Alison Krauss: Comin' Surround the Mountain

Alison Krauss & Union Station New Favorite (Rounder Music)

4 stars; SACD: 4 1/2 stars

 
 

The current studio album by Alison Krauss & Union Station is, as could be expected, a different multichannel animal from her live Louisville recording, going beyond a primarily concert-hall aesthetic to fully surround you with vocals and instruments. The true surprise of New Favorite on Super Audio CD is the way engineer Gary Paczosa seems to tailor his mix to the set's many moods. It's a fine argument for the theory that multichannel mixes should be approached not just album by album but song by song.
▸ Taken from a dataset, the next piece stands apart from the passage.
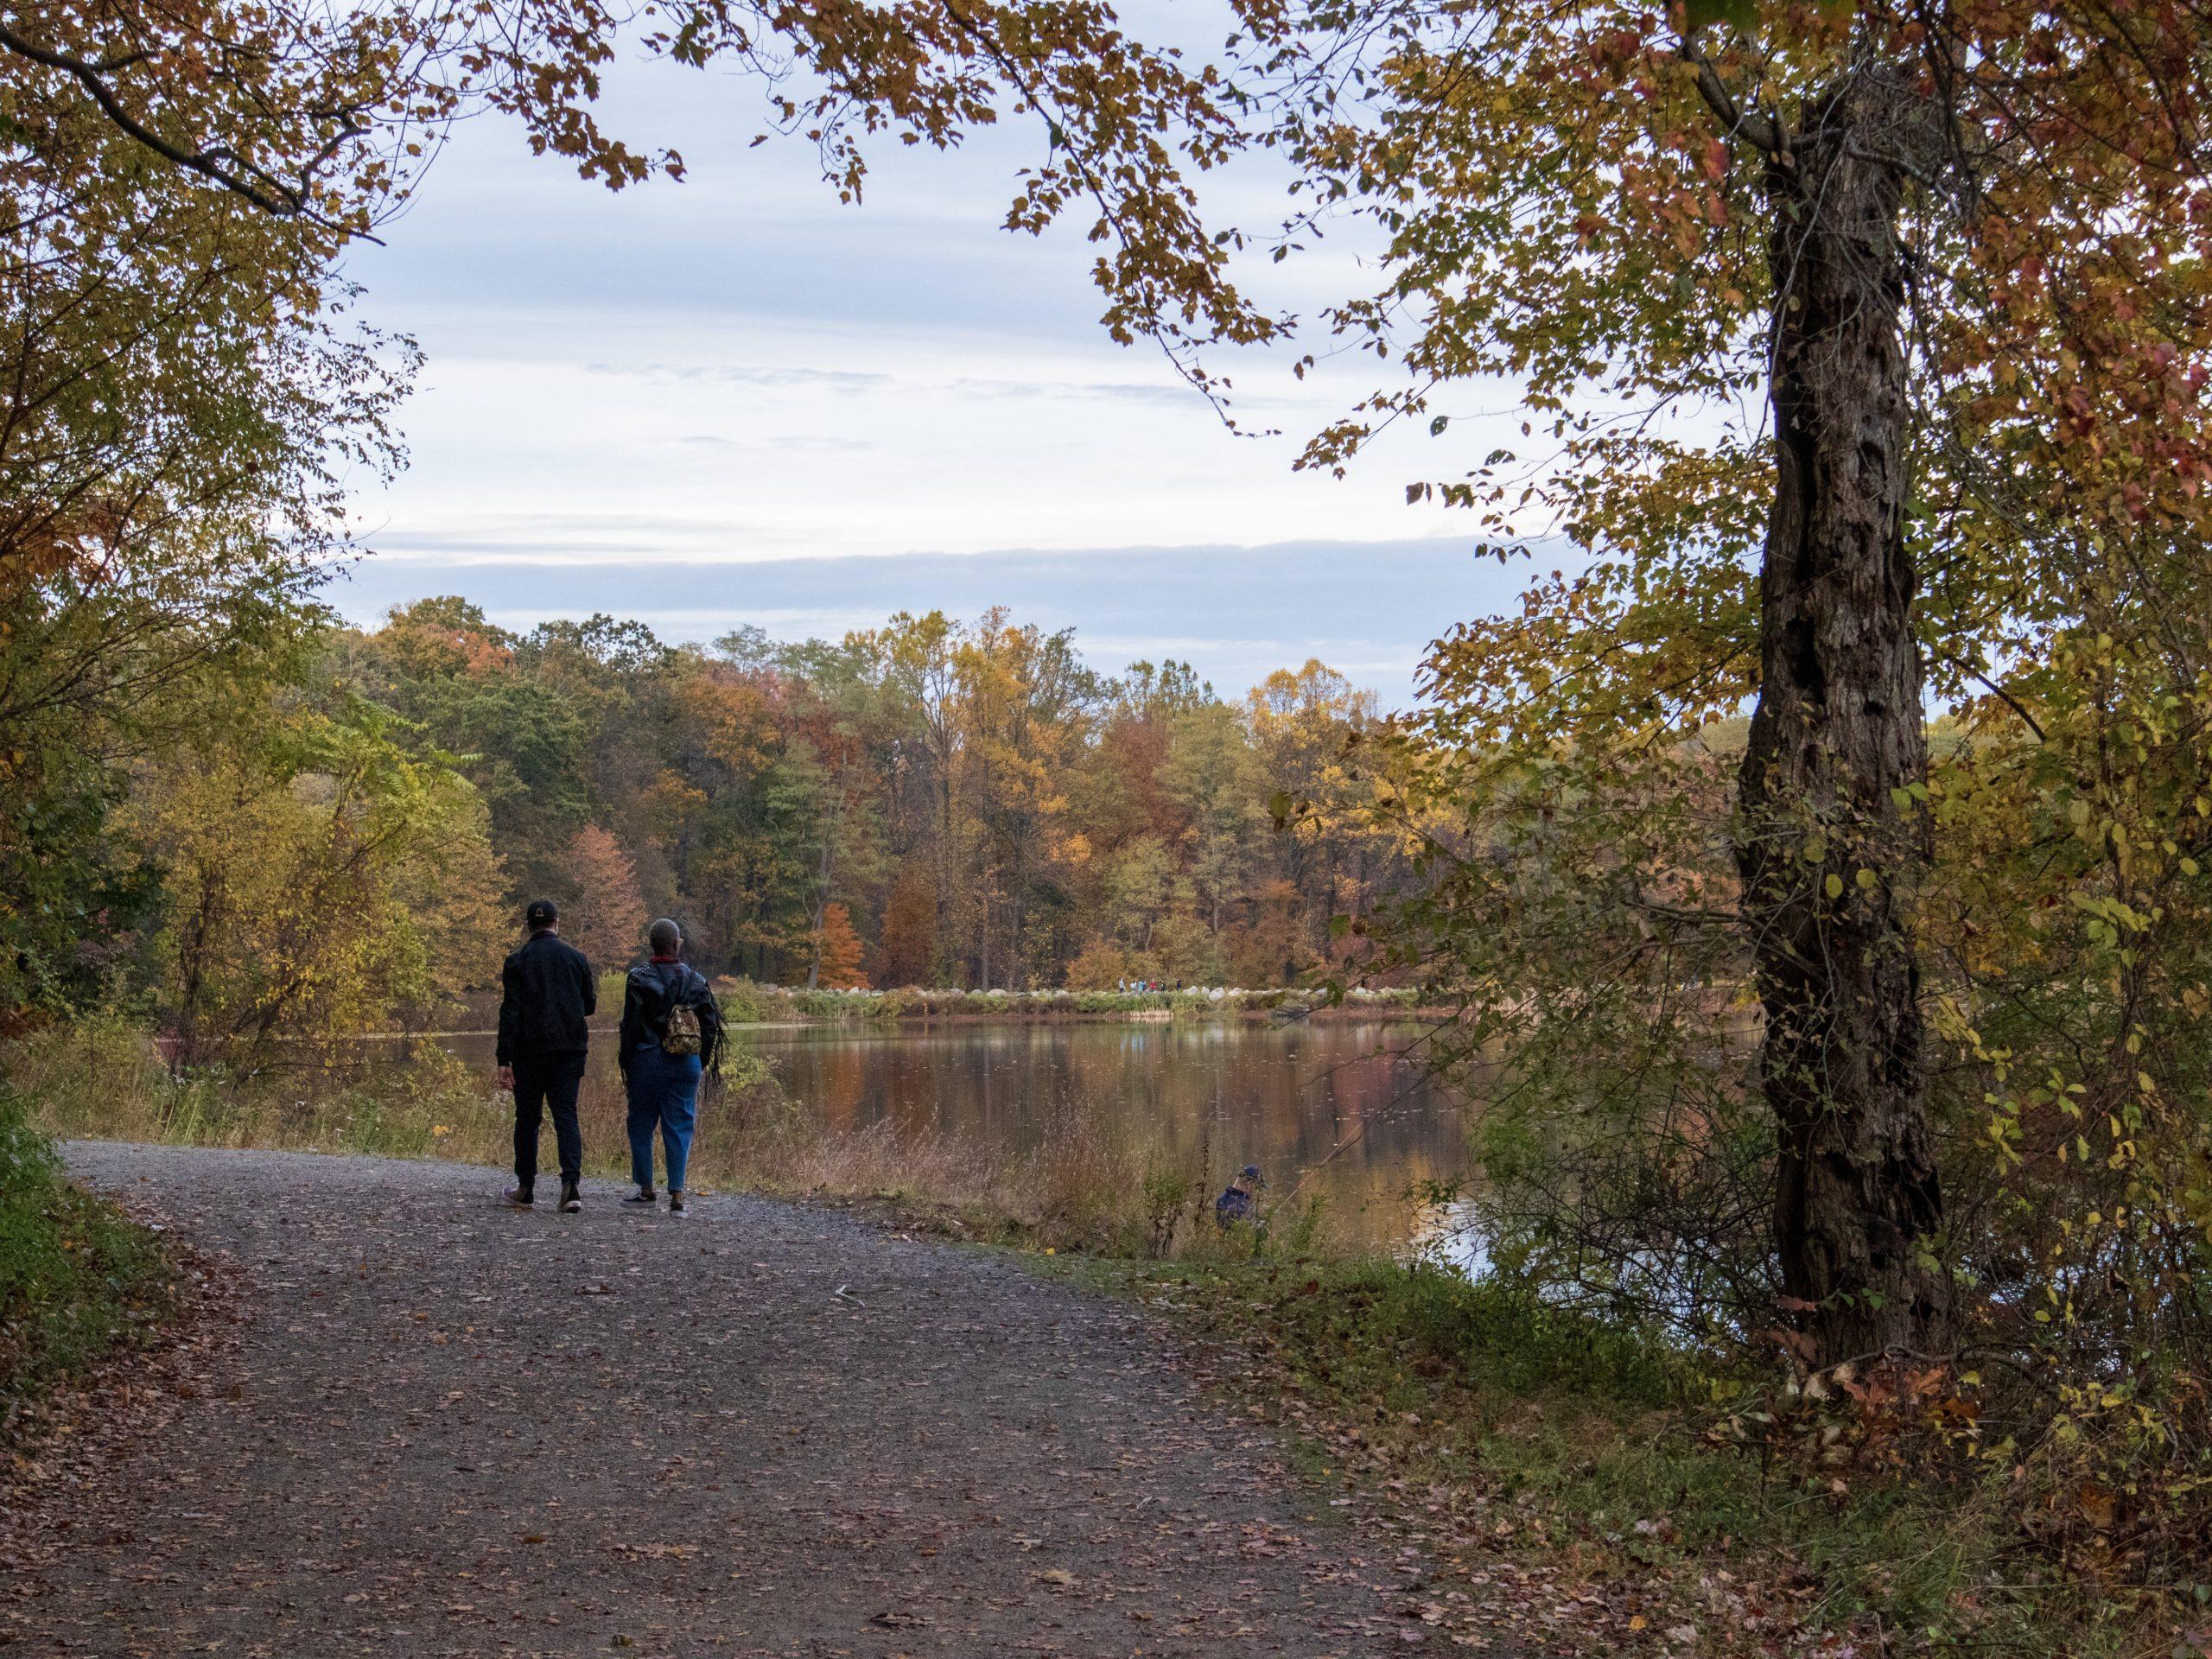 Walkers at Rockefeller State Park Preserve

Cue up the first song, "Let Me Touch You for Awhile," and you'll hear Krauss's vocals in the three front channels. But she's also in the rear, far away - until the surround channels feature her violas (yes, she's not just a fiddler), and all four corners highlight Jerry Douglas's Dobro. It's an appropriately expansive mix for this Robert Lee Castleman ballad. The second song, though, is a traditional, "The Boy Who Wouldn't Hoe Corn," and immediately the mix gets more down-home, with drier vocals and a barn-dance soundstage. Paczosa stays flexible throughout the disc, whether he's putting Krauss right in front of us for the intimacy of Dan Fogelberg's "Stars" or hemming us in with acoustic guitar and percussion for the tension of Gillian Welch's title track.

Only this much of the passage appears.